***** SOURCE MATERIAL *****
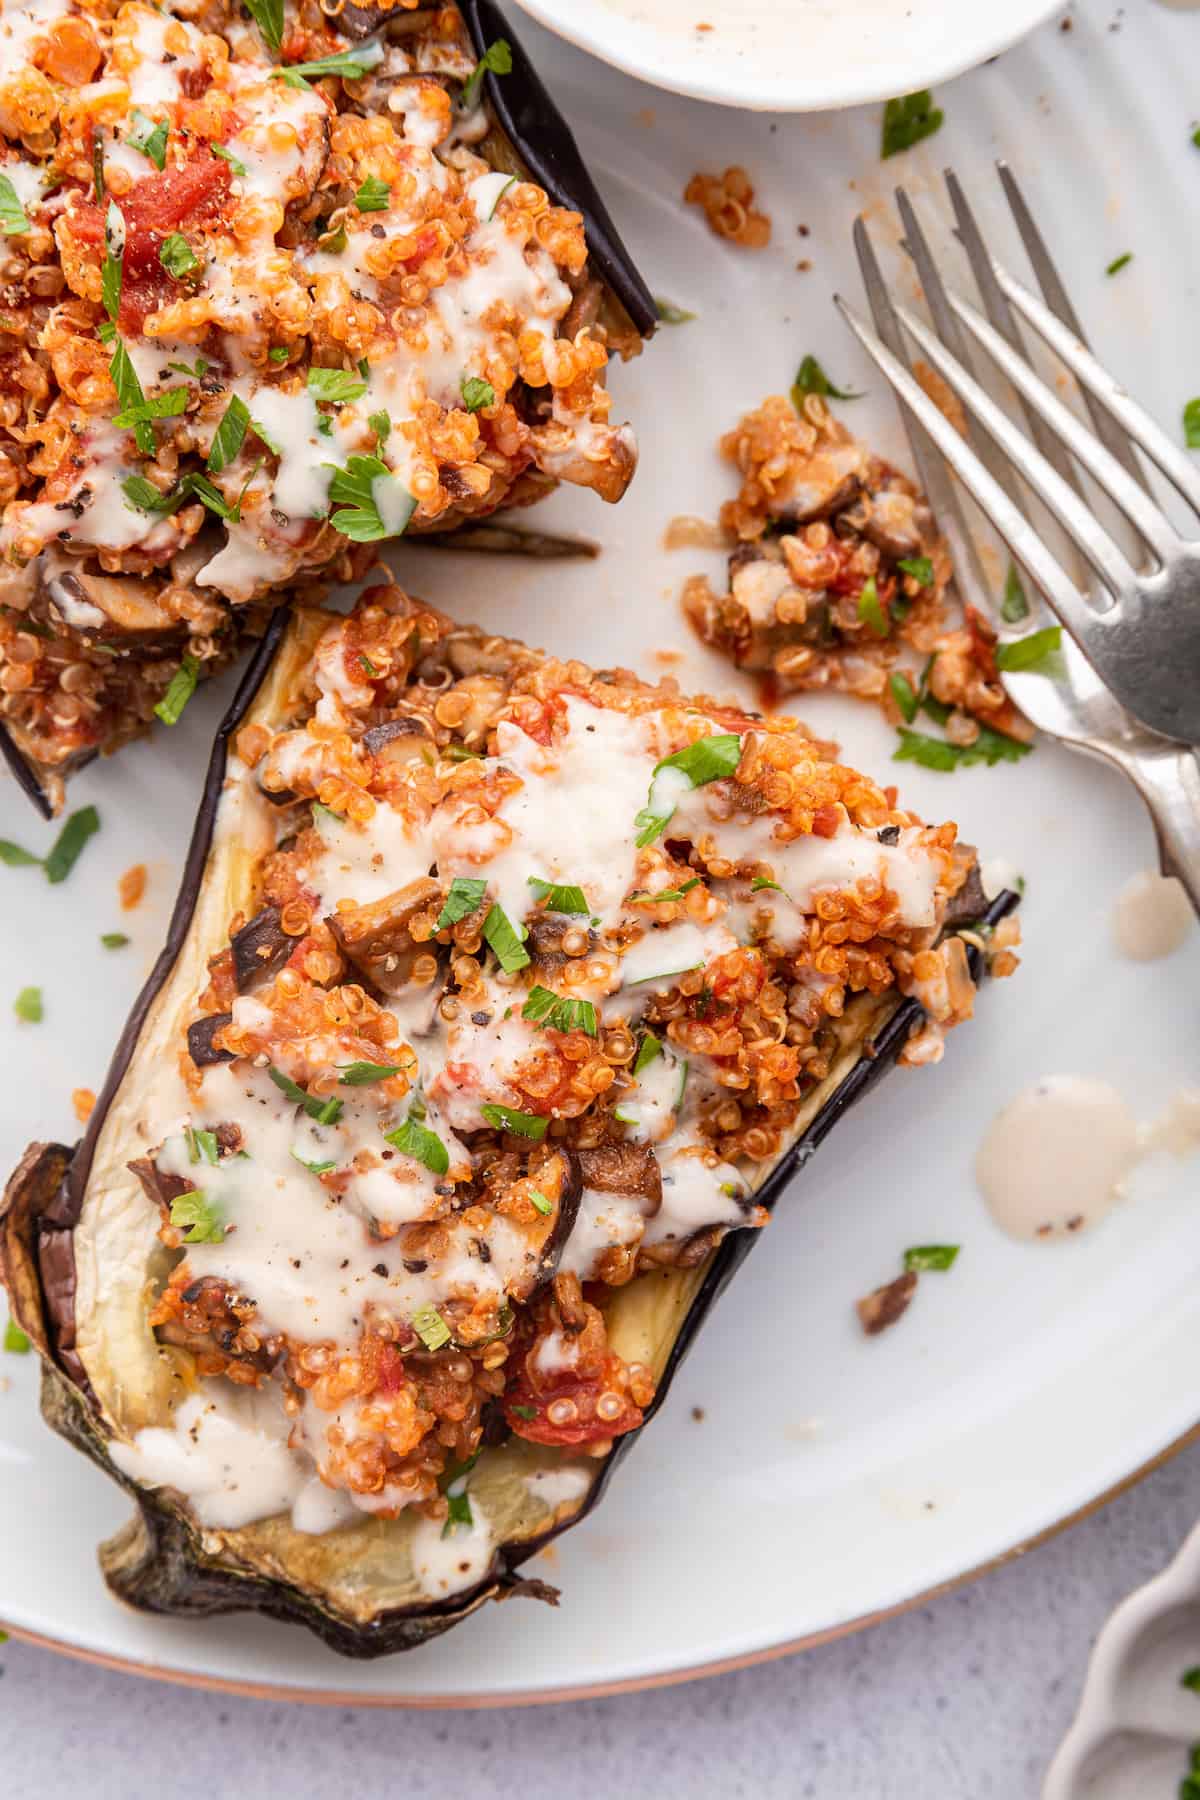 Overhead view of stuffed eggplant on plate with tahini drizzle
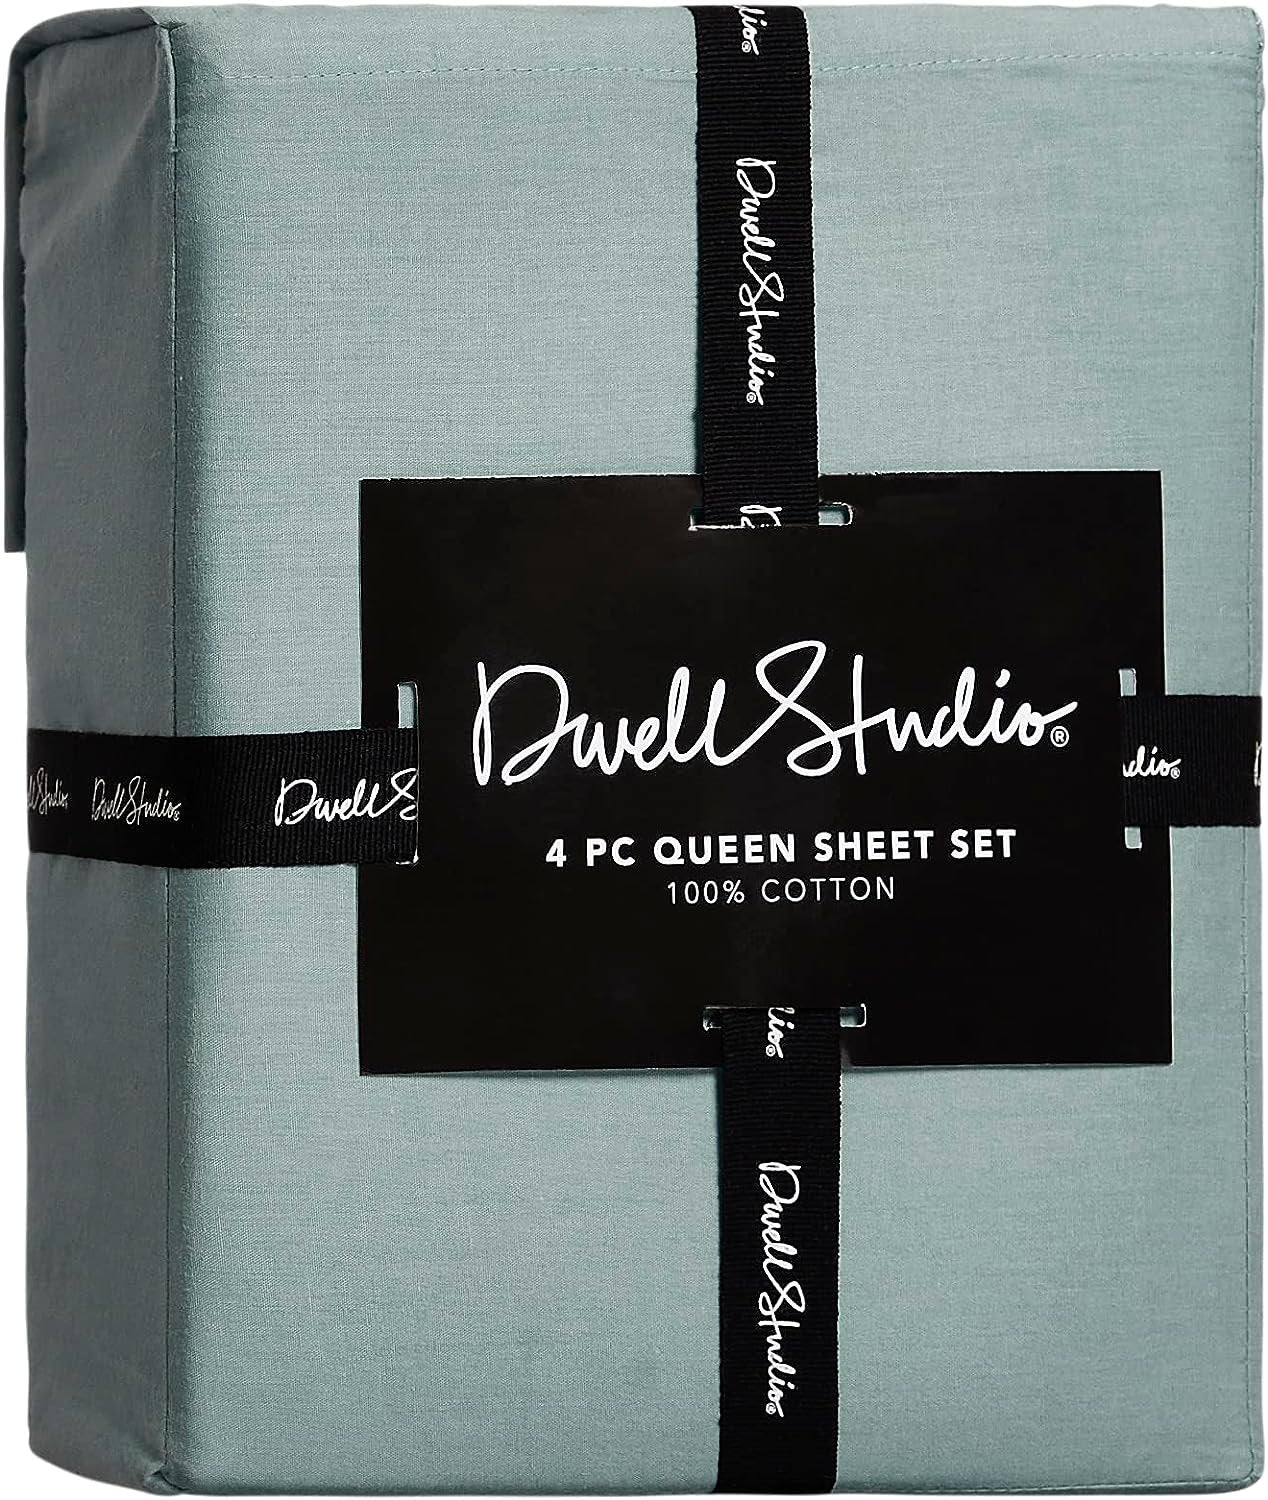 Dwell Studio 100% Cotton Percale Sheet Set - Deep Pocket, 4 Piece - 1 Flat, 1 Deep Pocket Fitted Sheet and 2 Pillowcases, Crisp Cool and Strong Bed Linen (Queen,White)
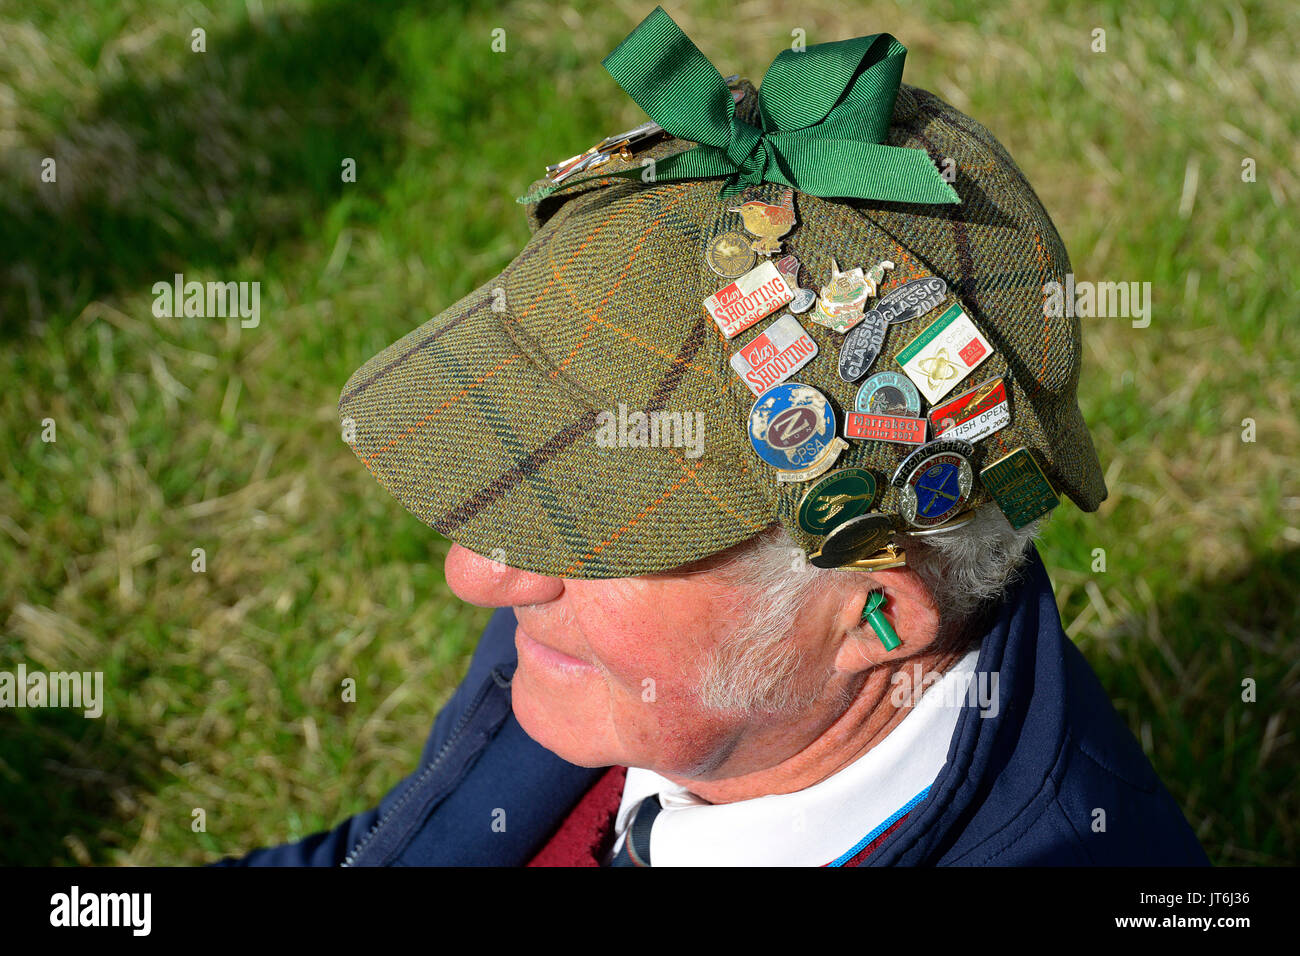 Badges on a deerstalker hat worn by a clay shooter Stock Photo
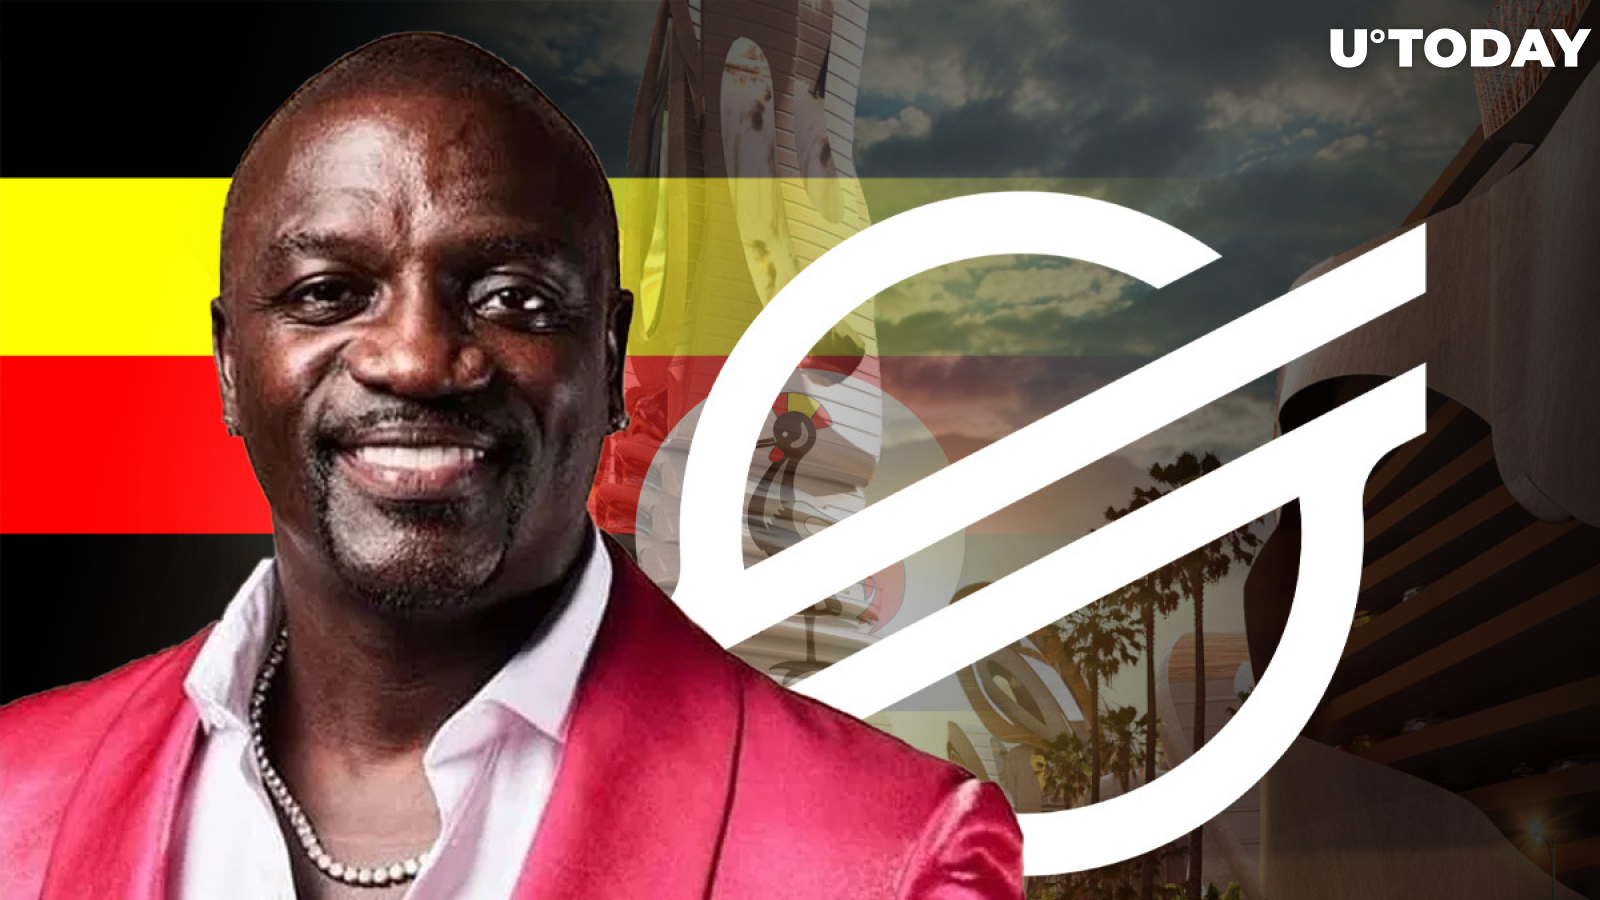 Akon's Stellar-Powered City to Be Built by 2036
*****
TASK: With the pictures left out, return all the material above exactly.

EXERCISE SOLUTION:
 Overhead view of stuffed eggplant on plate with tahini drizzle
 Dwell Studio 100% Cotton Percale Sheet Set - Deep Pocket, 4 Piece - 1 Flat, 1 Deep Pocket Fitted Sheet and 2 Pillowcases, Crisp Cool and Strong Bed Linen (Queen,White)
 Badges on a deerstalker hat worn by a clay shooter Stock Photo
 Akon's Stellar-Powered City to Be Built by 2036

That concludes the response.